How sad for such a strong one born with wings to fly, to die in such an unnatural position. Although really, what is a natural position in which to frame the arc of a bird’s death? Wings bear weight, and breadth, for only so long, flight inherent in the lift and swoosh upward, ascent gliding course and construct of all things its life. 

And then this—paralyzed acrobatics belonging to predator birds, big birds —hawks, falcons, owls—on such a small slim body. Though not so slim, when by proportion, two suet cakes could squeeze the life out of the little bird.

Did it dip down to eat suet? Dip in through the caged openings, big enough for small birds but not large enough to let big birds come in? Where, fully centered, sweet suet cakes, plump with fat and berries, became the gulped joy of Carolina wrens, chickadees, a female downy woodpecker, and small finches.
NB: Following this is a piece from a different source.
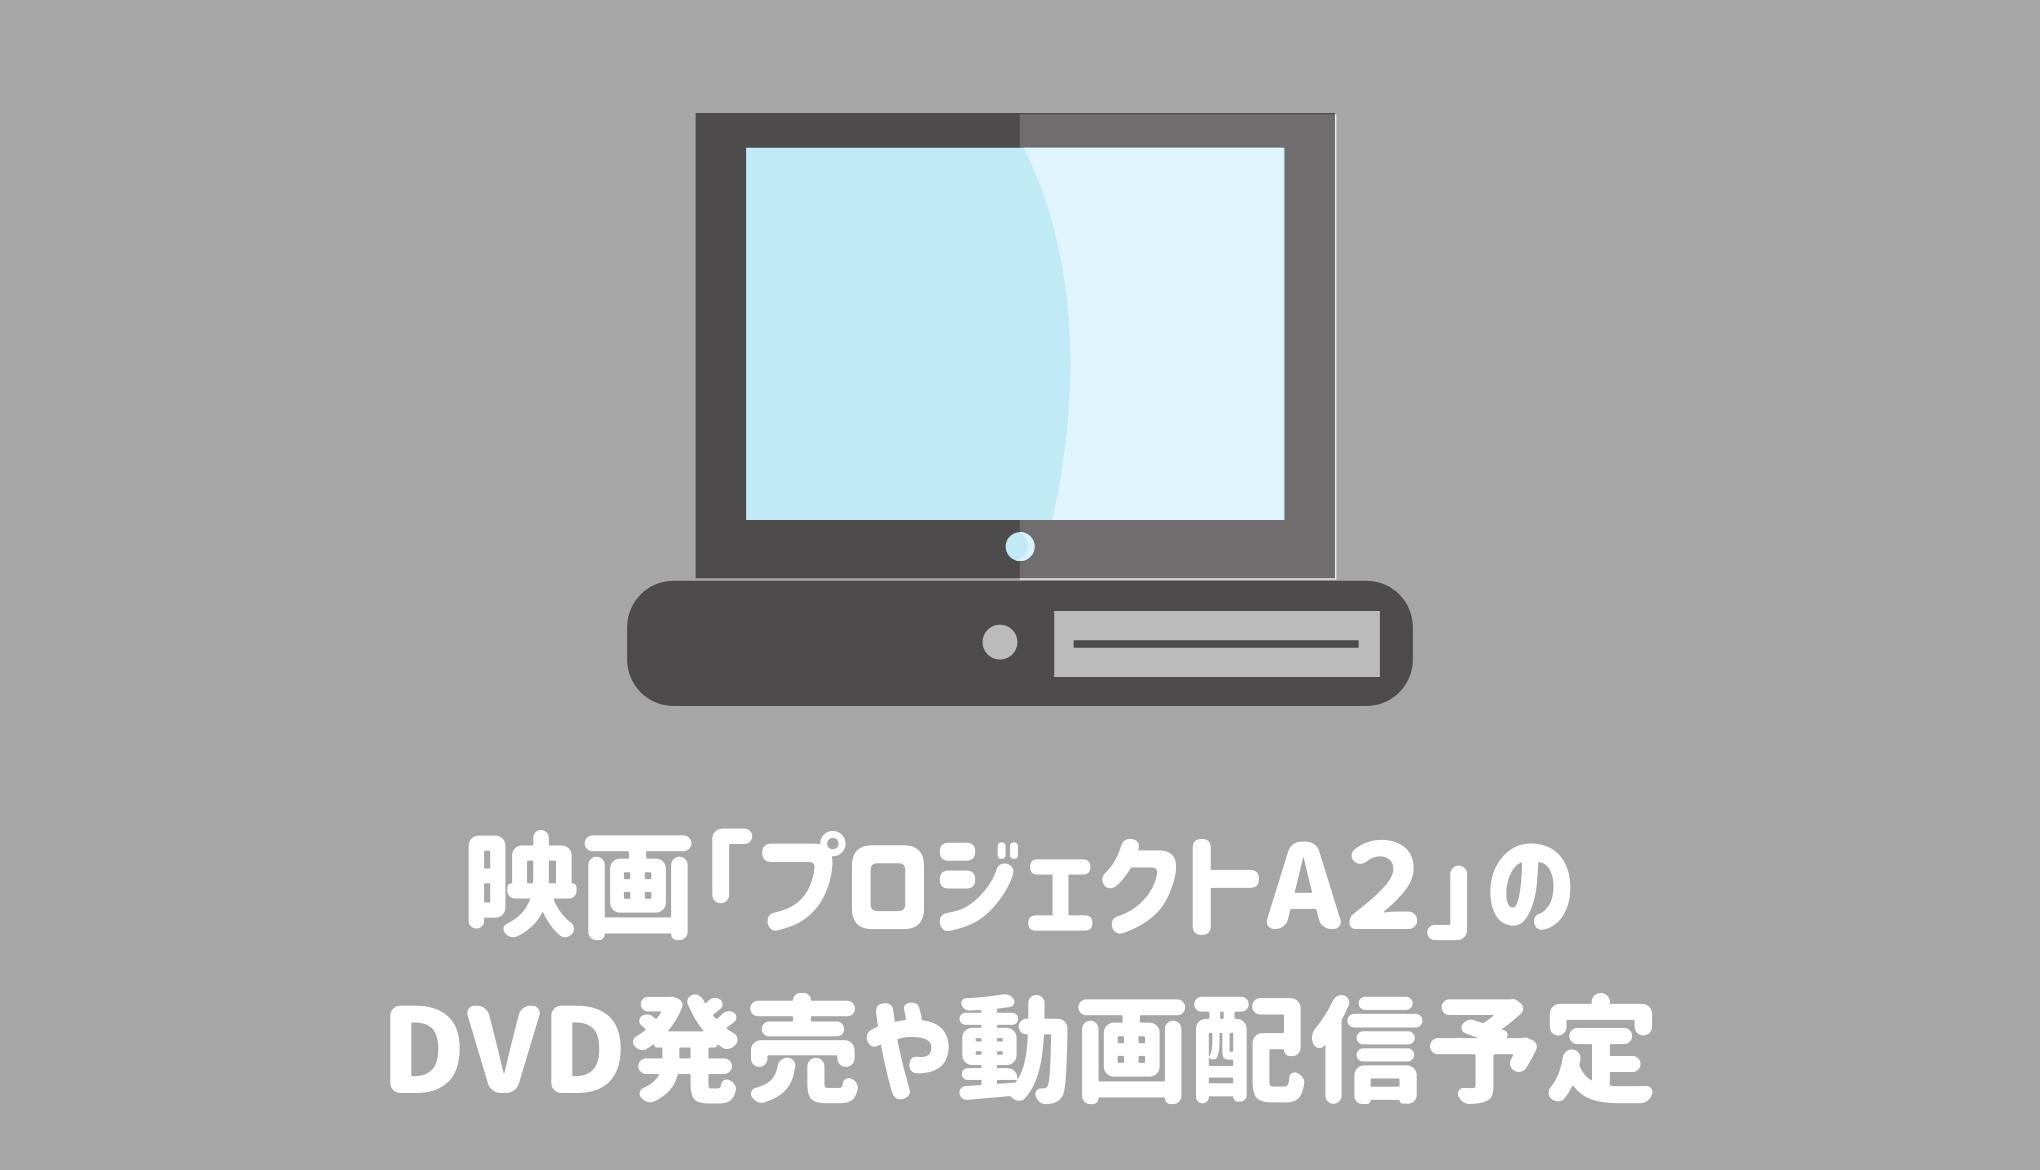 映画「プロジェクトA2」のDVD発売や動画配信予定をチェック

Is this what happened? Perhaps the bird was sick? Starving? Just plain stuck? Did it reach so far down because the suet tasted sweeter near the bottom, lodged between that just right place and its own death?

Feral cats, hungry themselves, lie completely still— waiting, waiting, patient because to wait—and to pause, to appear motionless—means to eat. And in so these cats’ eating, these birds’ demise? Is death life? Is life death? Is there a difference?

I know only this still small shock, this harsh blunt of a horrible (hideous) truth—that nature runs wild. Wild against my intent to care for and maintain life in my gardens. Wild against my will. Wild without my permission. 

And in an artful arc of my brush against this garden canvas, I find pain in color—and a hideous descent of all I intended to make divine. And so like bird, death in flight, upside down and strangled, I find a most loathsome urge, guttural choke my own throat, to cry out—how awful this is, how haunting this is, how I shan’t be able to sleep tonight. 

But I cannot speak. Nor breathe. For in sacred gardens, this moment lingers, my profaned art, decried, desecrated, ruined. 

A bird’s life ruined. And the slow sick rise that where placed my heart, my art depends on life without the descent, arc of color without the necessary flourish of denouement. In ache, my own, a small bird’s love stays still. My beloved then, and my beloved still.